Task directions. Copy every line of the data below exactly as given, except for the pictures.

Provided material.
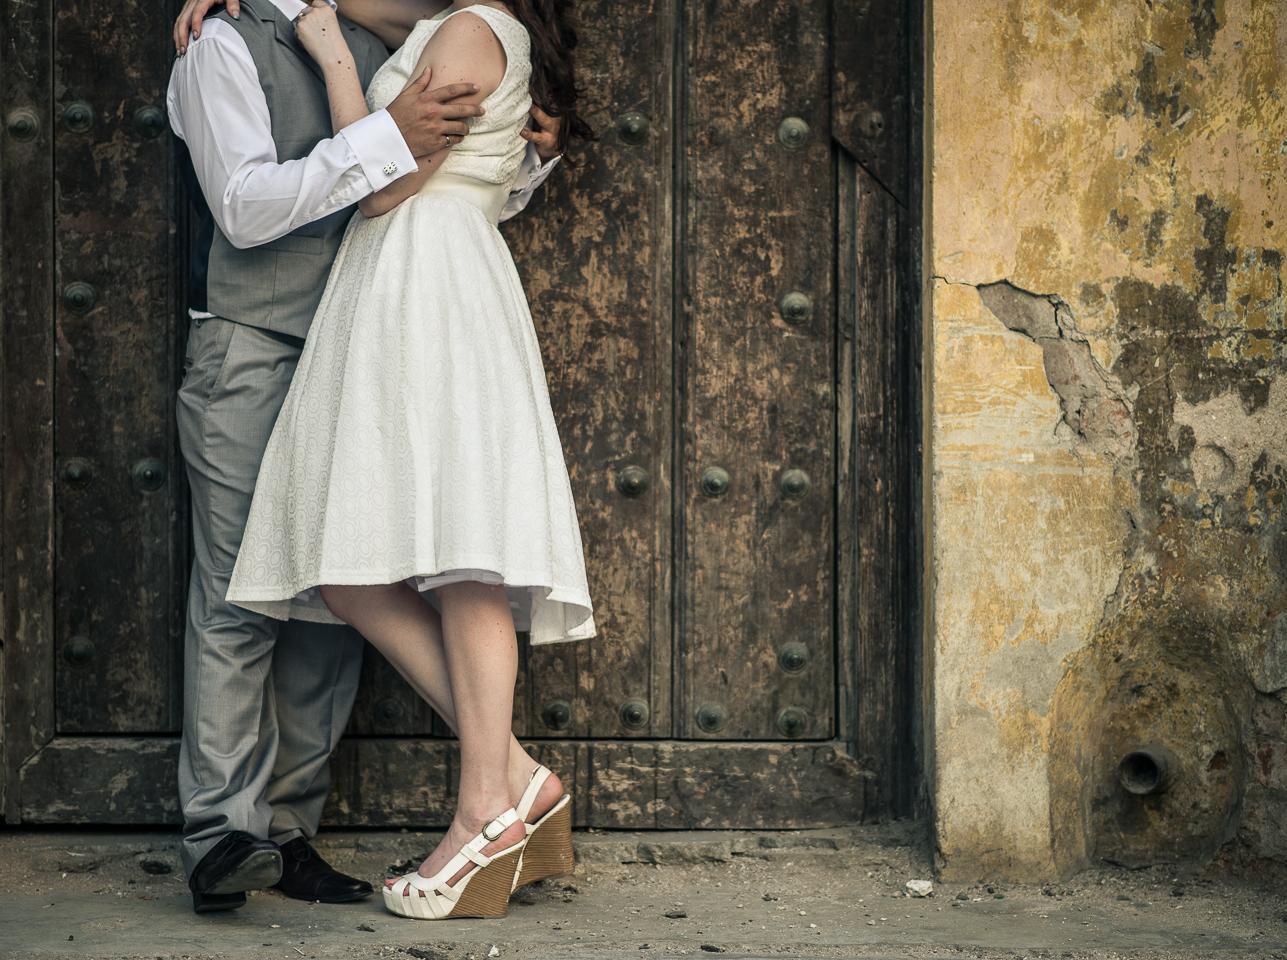 bodas-estilo-libre-carnaval-cuba-12781.jpg
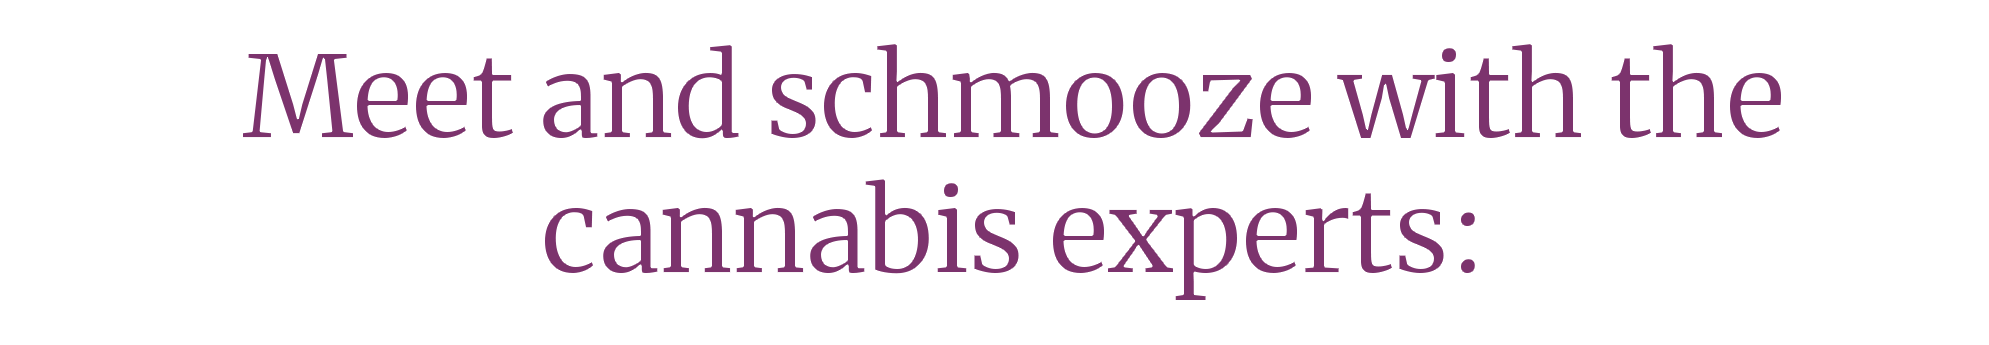 Meet cannabis experts
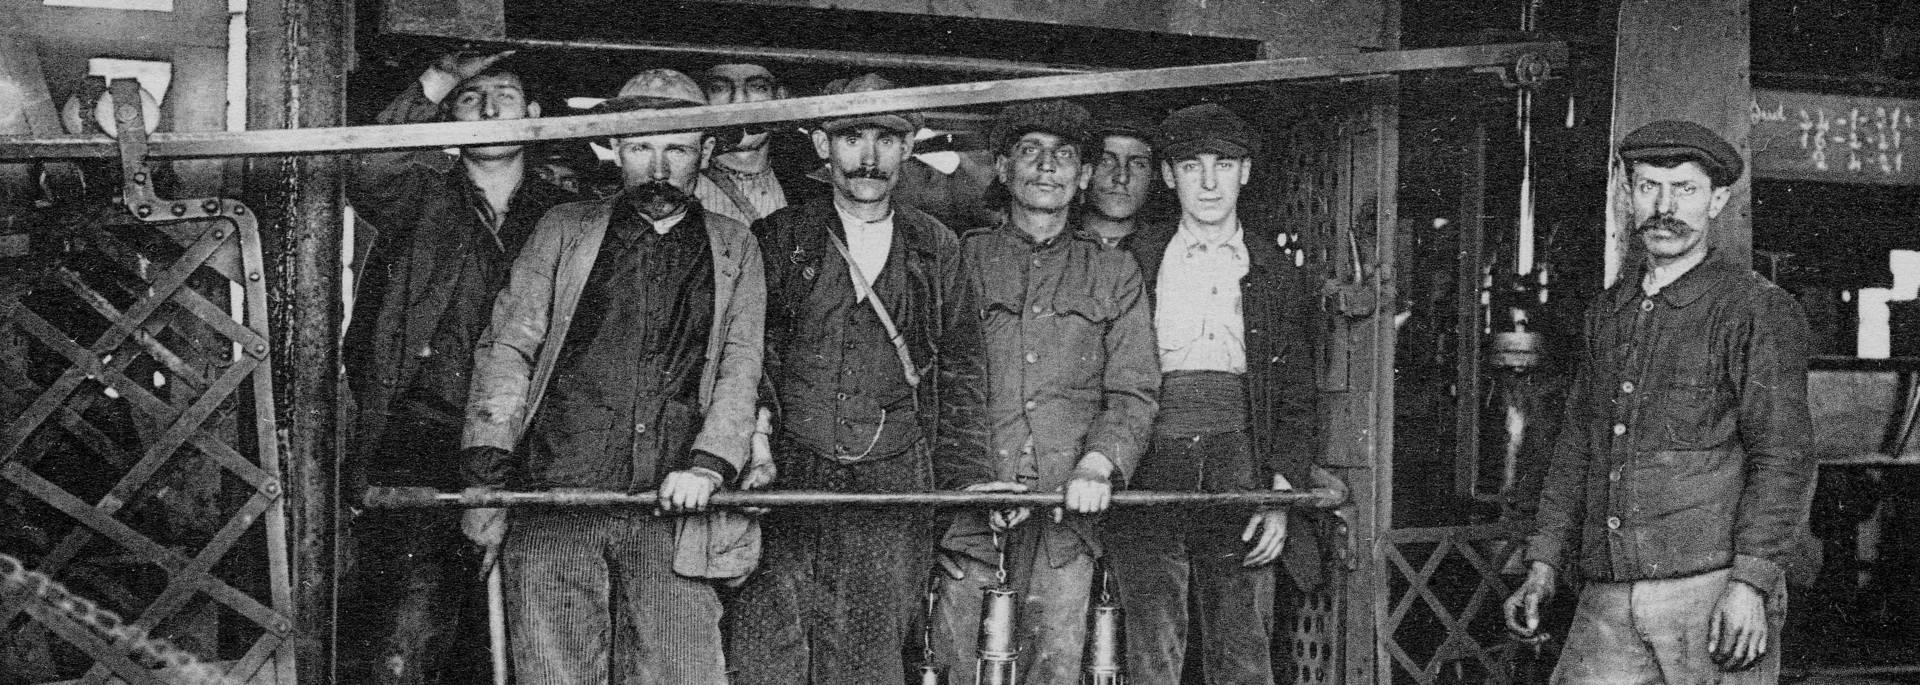 Mineurs de Montceau-Blanzy prêts à descendre au fond. © CUCM, document Écomusée. Reproduction D. Busseuil.

Solution below.
 bodas-estilo-libre-carnaval-cuba-12781.jpg
 Meet cannabis experts
 Mineurs de Montceau-Blanzy prêts à descendre au fond. © CUCM, document Écomusée. Reproduction D. Busseuil.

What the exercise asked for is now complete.